### Goal of the exercise
All pictures must be dropped, while the entries are given again word for word.

### Entries taken from a collection
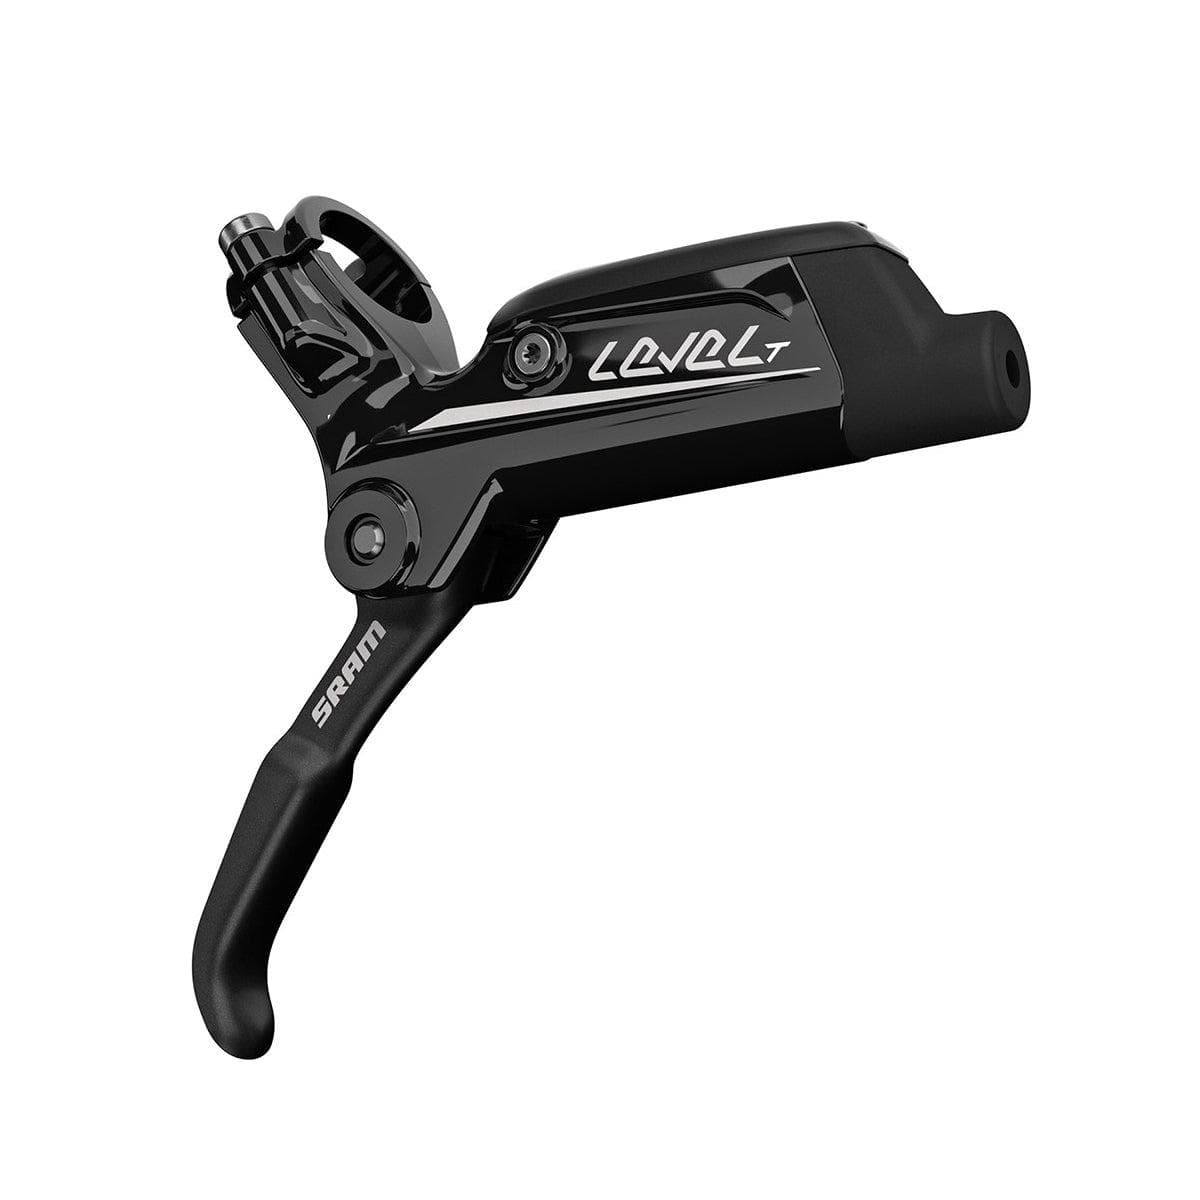 Sram Level T - Front 900Mm Hose - Gloss Black (Tooled) (Rotor/Bracket Sold Separately) A1: Black 900Mm
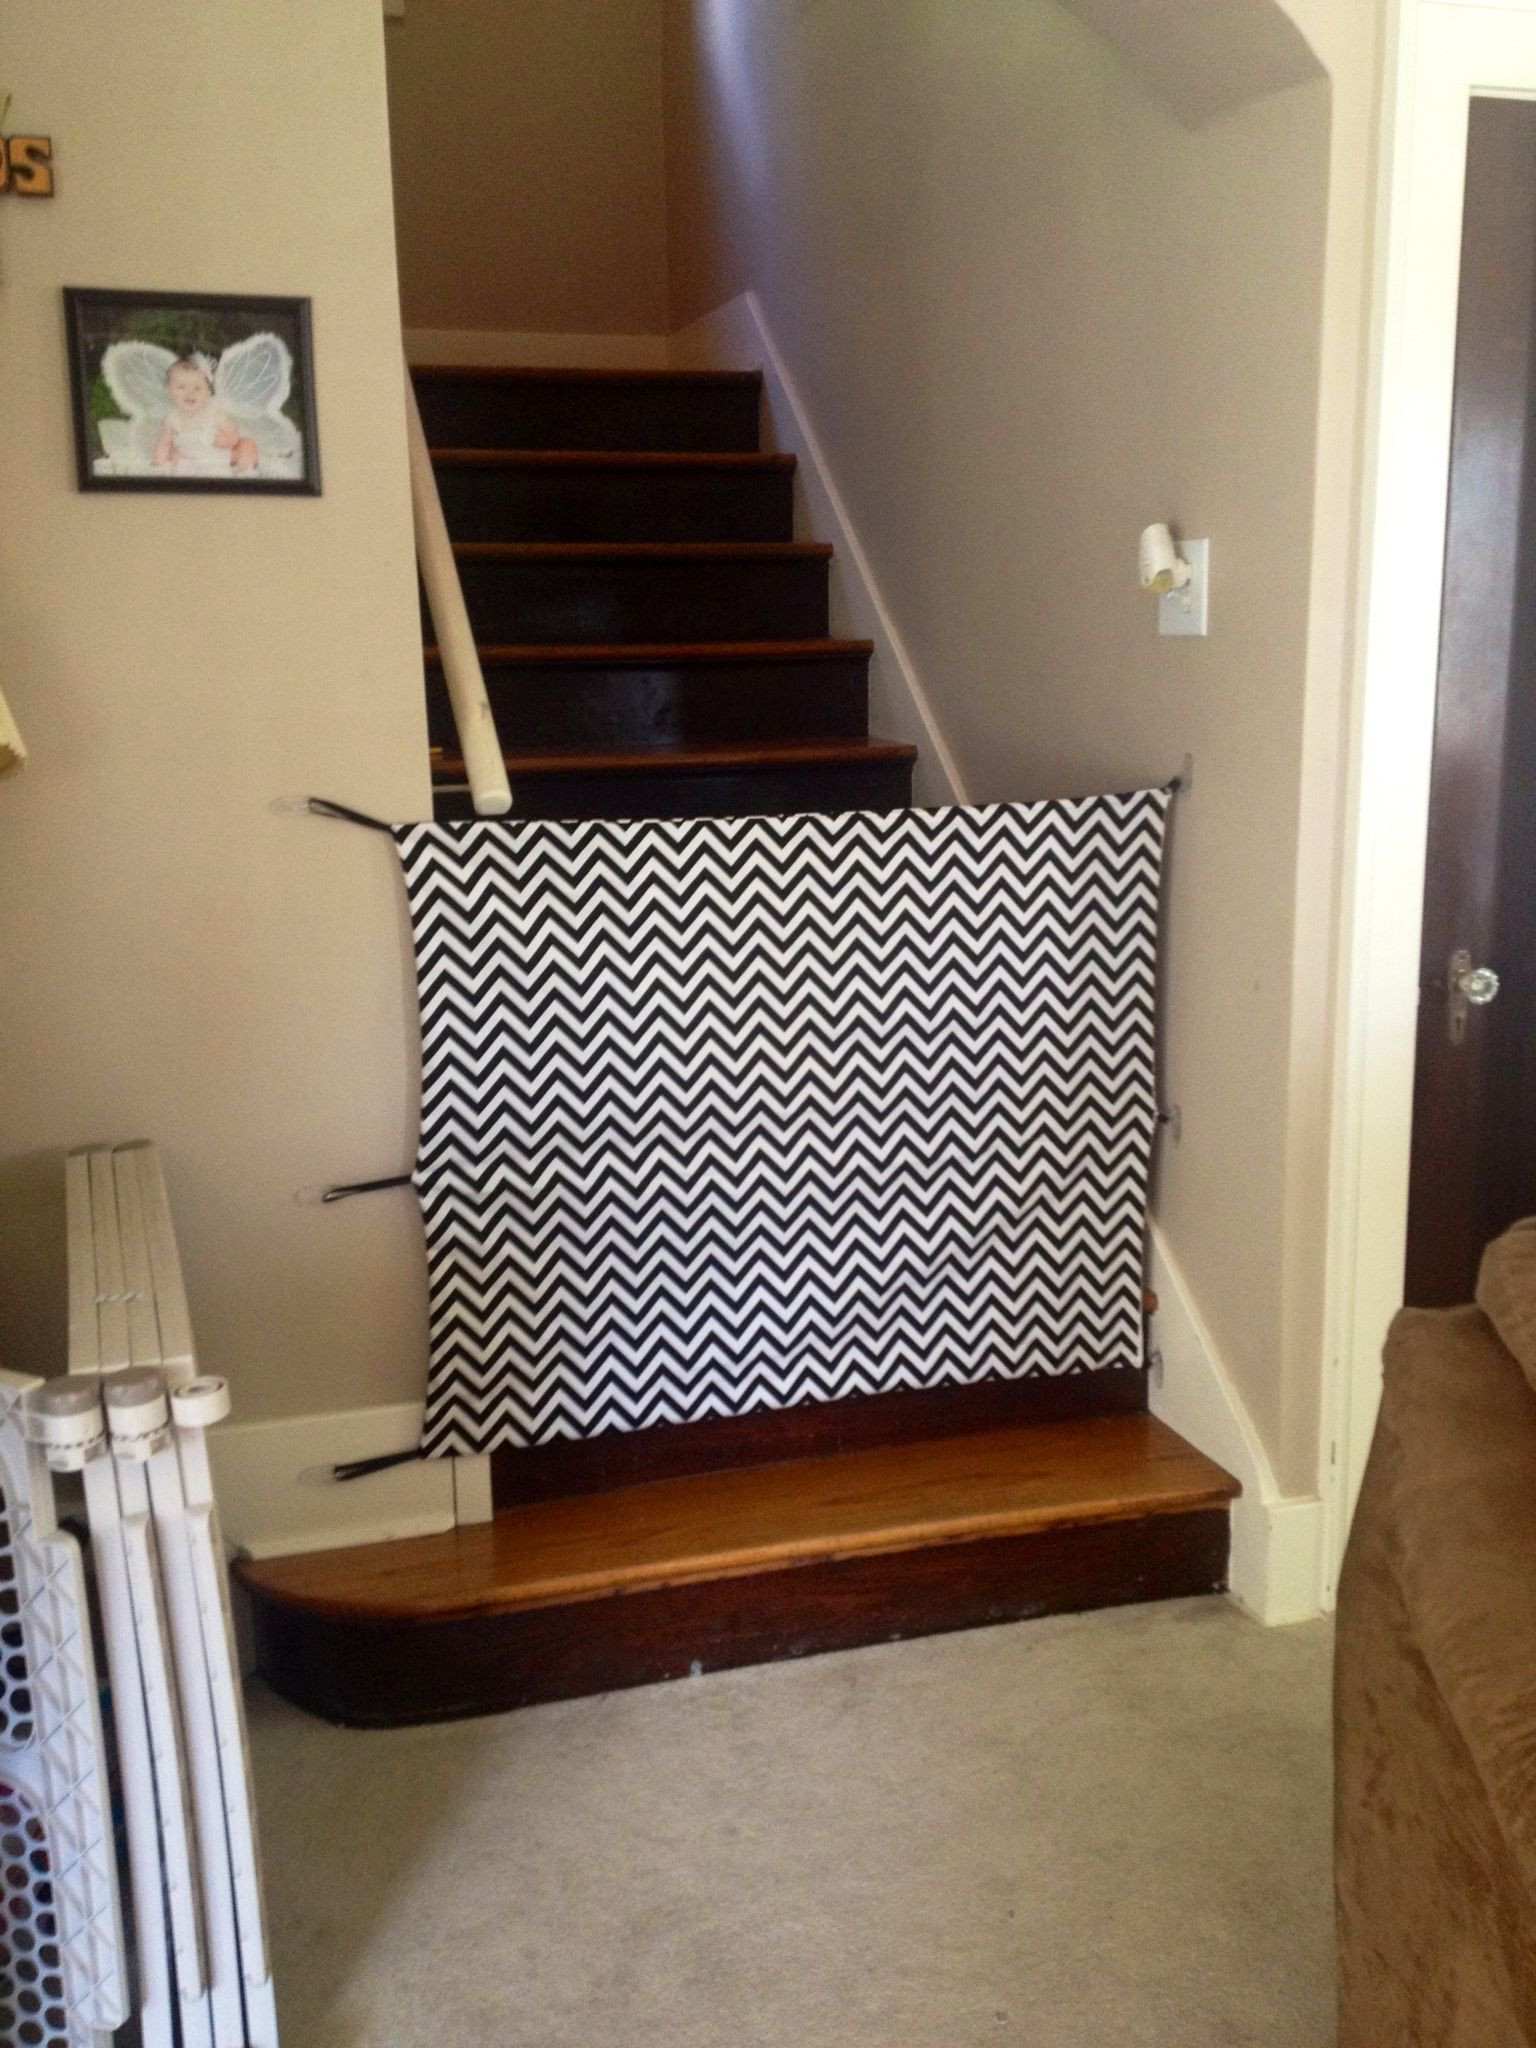 DIY Baby Gate Stairs
 DIY fabric baby gate Cost around $30 total and it looks
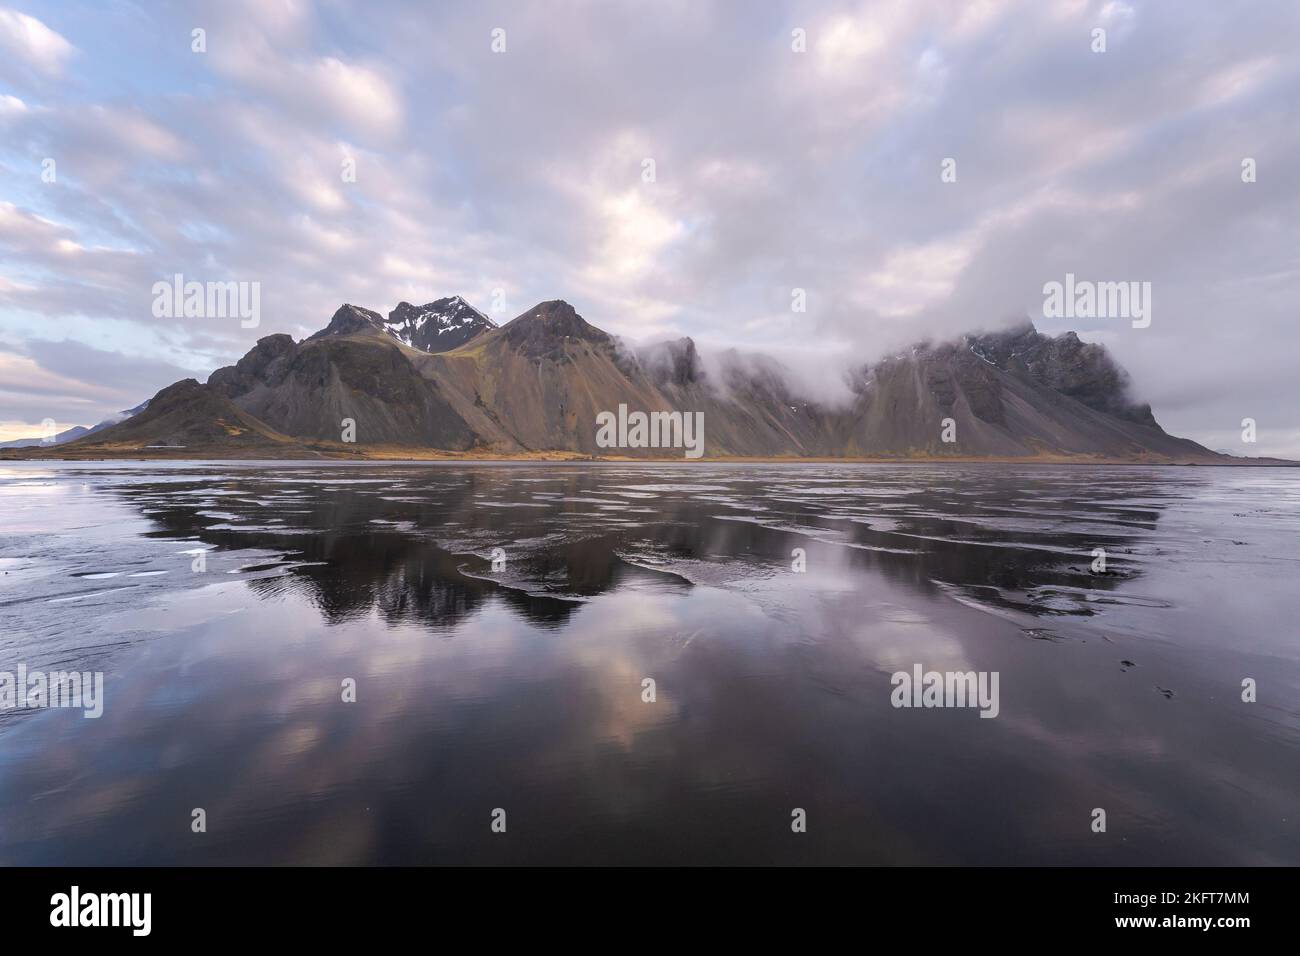 Spectacular Nordic scenery of calm frozen lake near rocky Vestrahorn Mountain with snowy peaks against cloudy sky at Stockness beach, Iceland Stock Photo
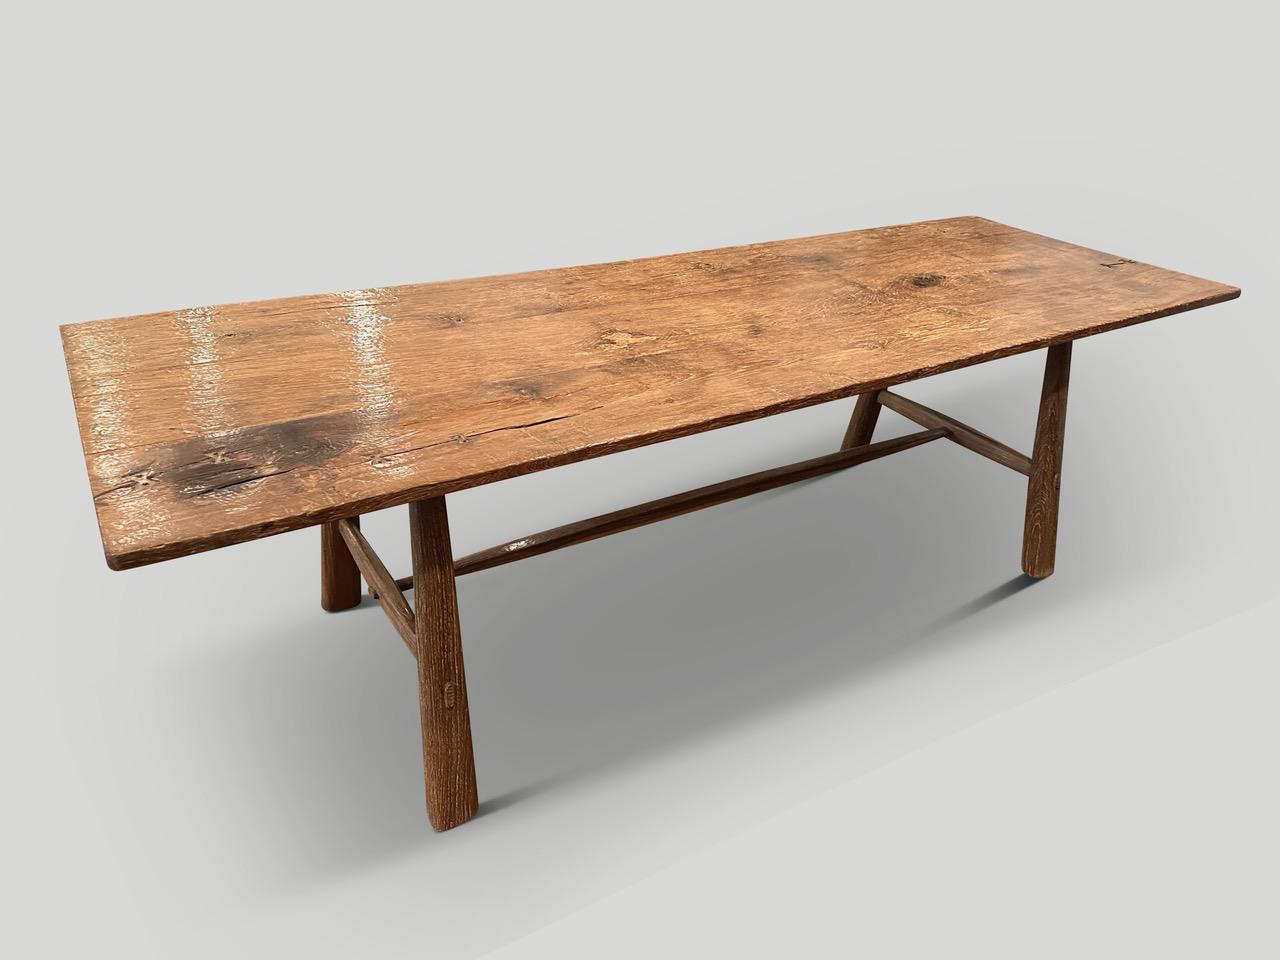 Andrianna Shamaris Midcentury Couture Teak Wood Dining Table In Excellent Condition For Sale In New York, NY
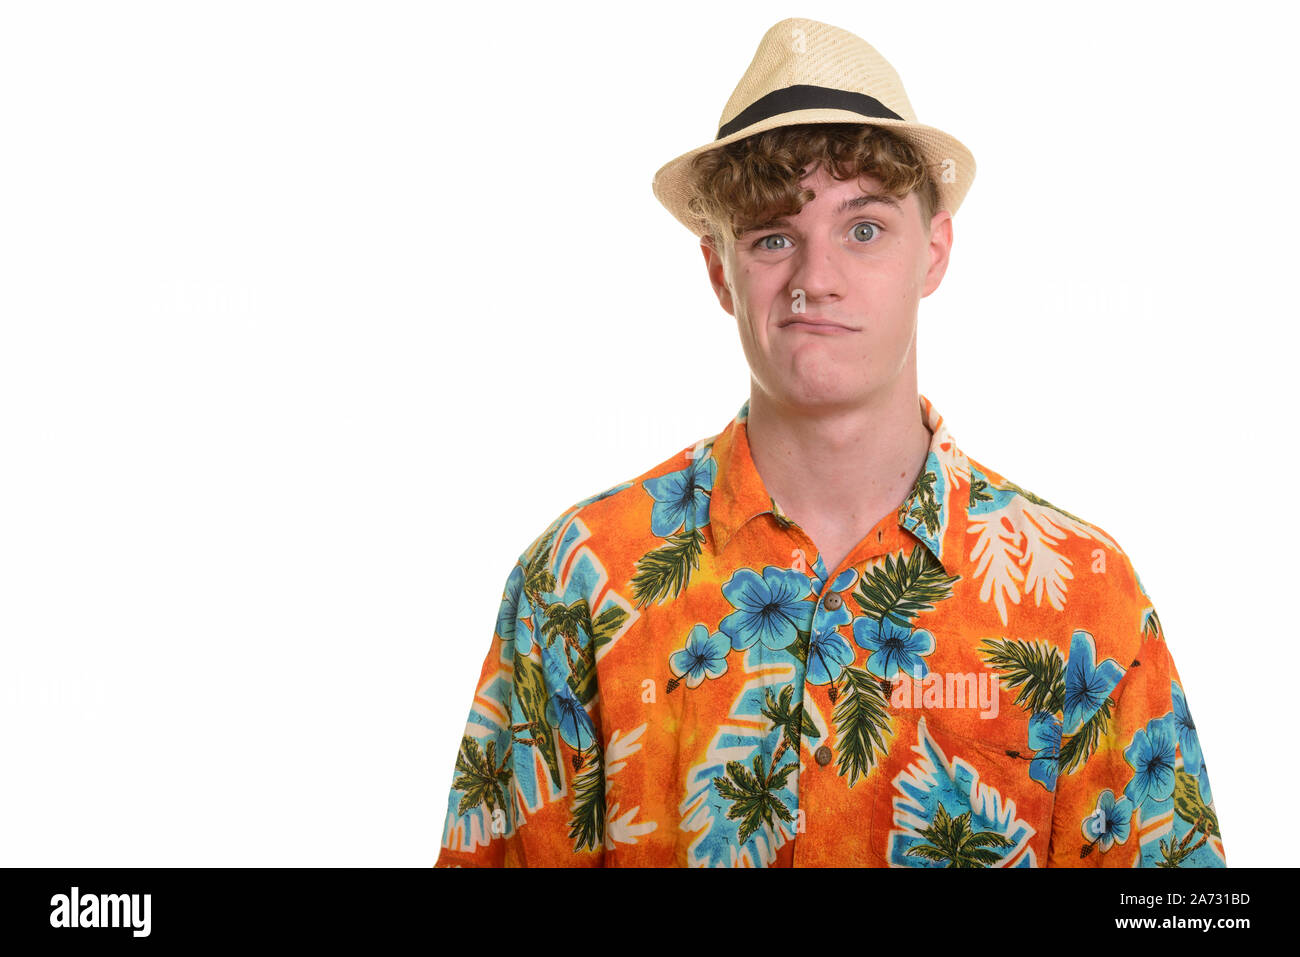 Stressed young tourist man with hat looking upset for vacation Stock Photo

### Result of the exercise
 Sram Level T - Front 900Mm Hose - Gloss Black (Tooled) (Rotor/Bracket Sold Separately) A1: Black 900Mm
 DIY Baby Gate Stairs
 DIY fabric baby gate Cost around $30 total and it looks
 Spectacular Nordic scenery of calm frozen lake near rocky Vestrahorn Mountain with snowy peaks against cloudy sky at Stockness beach, Iceland Stock Photo
 Andrianna Shamaris Midcentury Couture Teak Wood Dining Table In Excellent Condition For Sale In New York, NY
 Stressed young tourist man with hat looking upset for vacation Stock Photo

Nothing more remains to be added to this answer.